You must also be of legal age in your jurisdiction and not reside in a country under sanctions or restrictions, as required by applicable laws.

Security researchers who wish to participate must adhere to the rules of engagement set forth in this program and cannot be:

  • Official contributors, both past or present.
  • Employees and/or individuals closely associated with the project.
  • Compensated team members of Ondo Global (Panama) Inc. or any of its affiliates.
  • Third-party vendors, suppliers, and service providers to Ondo Global (Panama) Inc. or any of its affiliates, and team members of those third parties.
  • Businesses or organizations that are not Ondo Global (Panama) Inc. affiliates but hold or have held assets considered critical infrastructure covered under the bug bounty program; third-party vendors, suppliers, and service providers to those businesses or organizations; and team members of those businesses, organizations, or third parties.
  • Security auditors that directly or indirectly participated in the review of the impacted code.

KYC: Ondo Global (Panama) Inc. will request KYC information in order to pay for successful bug submissions. The following information will be required: full name, date of birth, proof of address (either a redacted bank statement with address or a recent utility bill), and a copy of a passport or other government-issued ID.

Other Terms

By submitting a report, you grant Ondo Global (Panama) Inc. the rights necessary to investigate, mitigate, and disclose the vulnerability. Reward decisions, eligibility, and actual reward amounts are determined by Ondo Global (Panama) Inc. in its sole discretion, based on factors including report quality, completeness, severity, exploitability, and practical impact.

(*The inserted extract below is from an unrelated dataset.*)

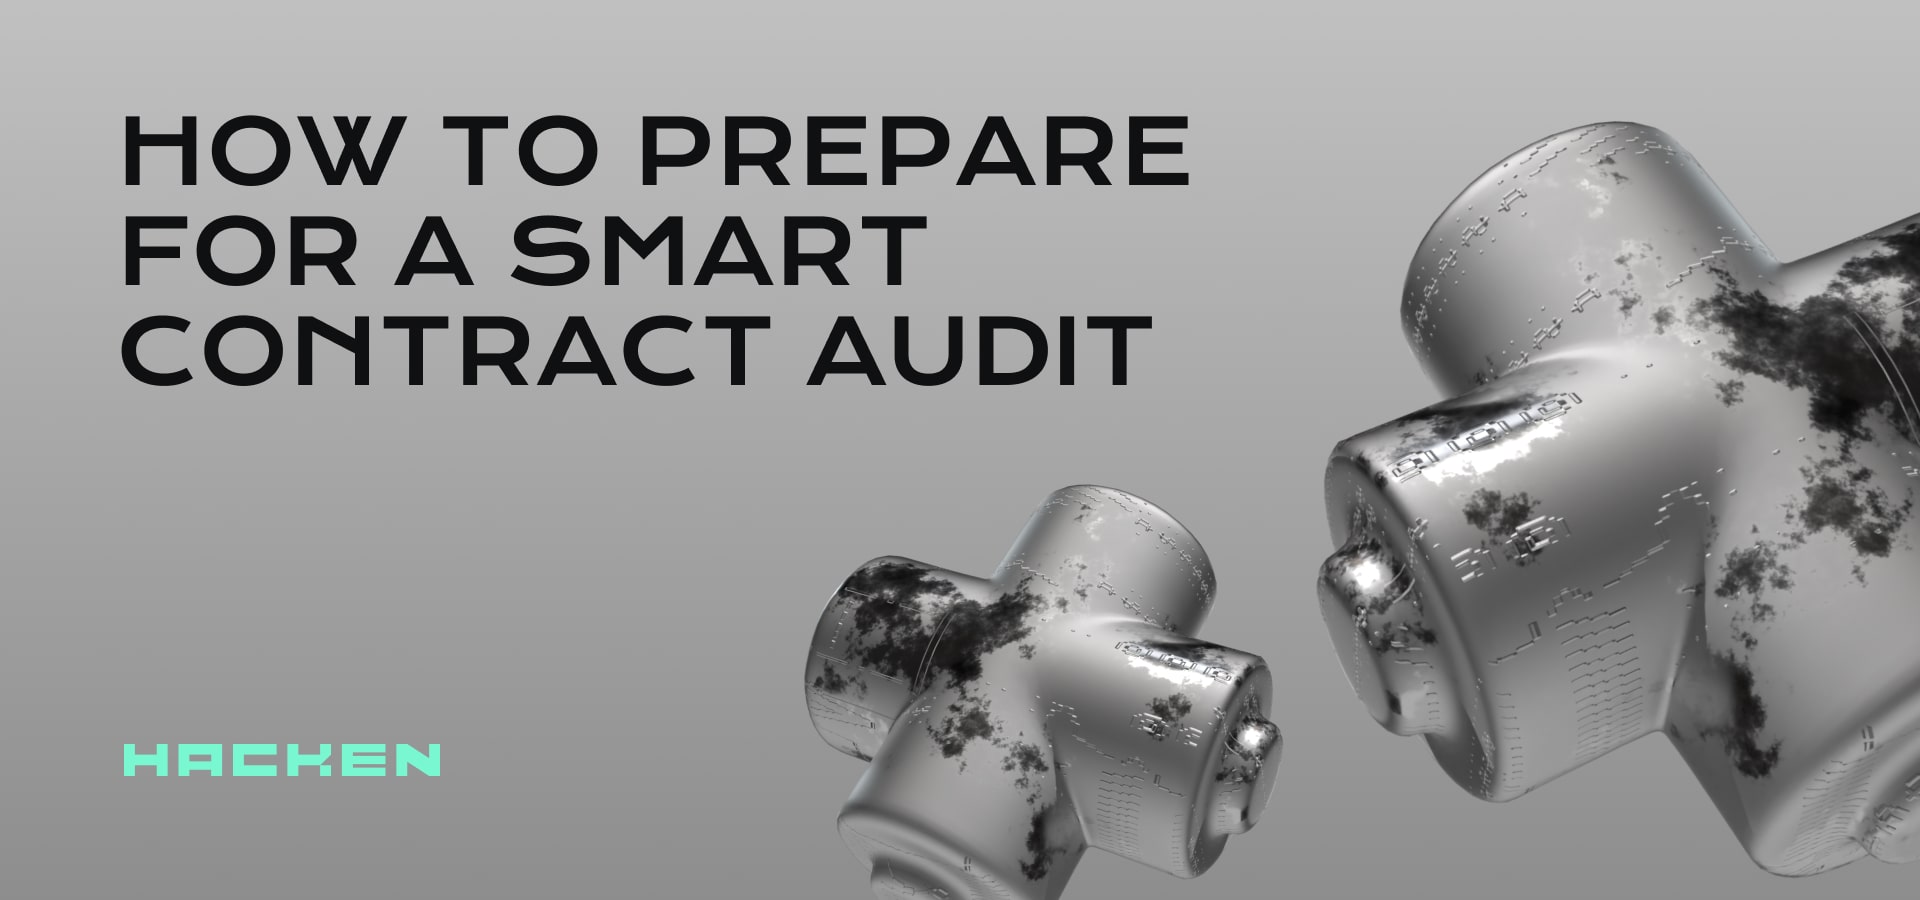 How to Prepare for a Smart Contract Audit

The terms, conditions, and scope of this program may be revised at any time. Participants are responsible for reviewing the latest version before submitting a report.

Once a finding is deemed valid and the payout amount is confirmed, Cantina will coordinate any required KYC or compliance process with the researcher. Subject to successful completion of any required KYC or compliance checks, Cantina will invoice Ondo Global (Panama) Inc and, following receipt of payment, process the payout to the researcher.

Payout Guidance

For vulnerabilities involving potential loss or theft of funds, Ondo Global (Panama) Inc. generally uses 10% of reasonably estimated funds at risk, capped at the maximum payout for the applicable severity category, as a reference point when determining bounty amounts.

Final payouts remain at Ondo Global (Panama) Inc.'s sole discretion. Funds at risk can be difficult to assess and may depend on exploitability, attacker assumptions, mitigations, protocol limits, available liquidity, duration of exposure, and other practical constraints. Accordingly, the 10% figure is guidance only and does not guarantee any specific payout.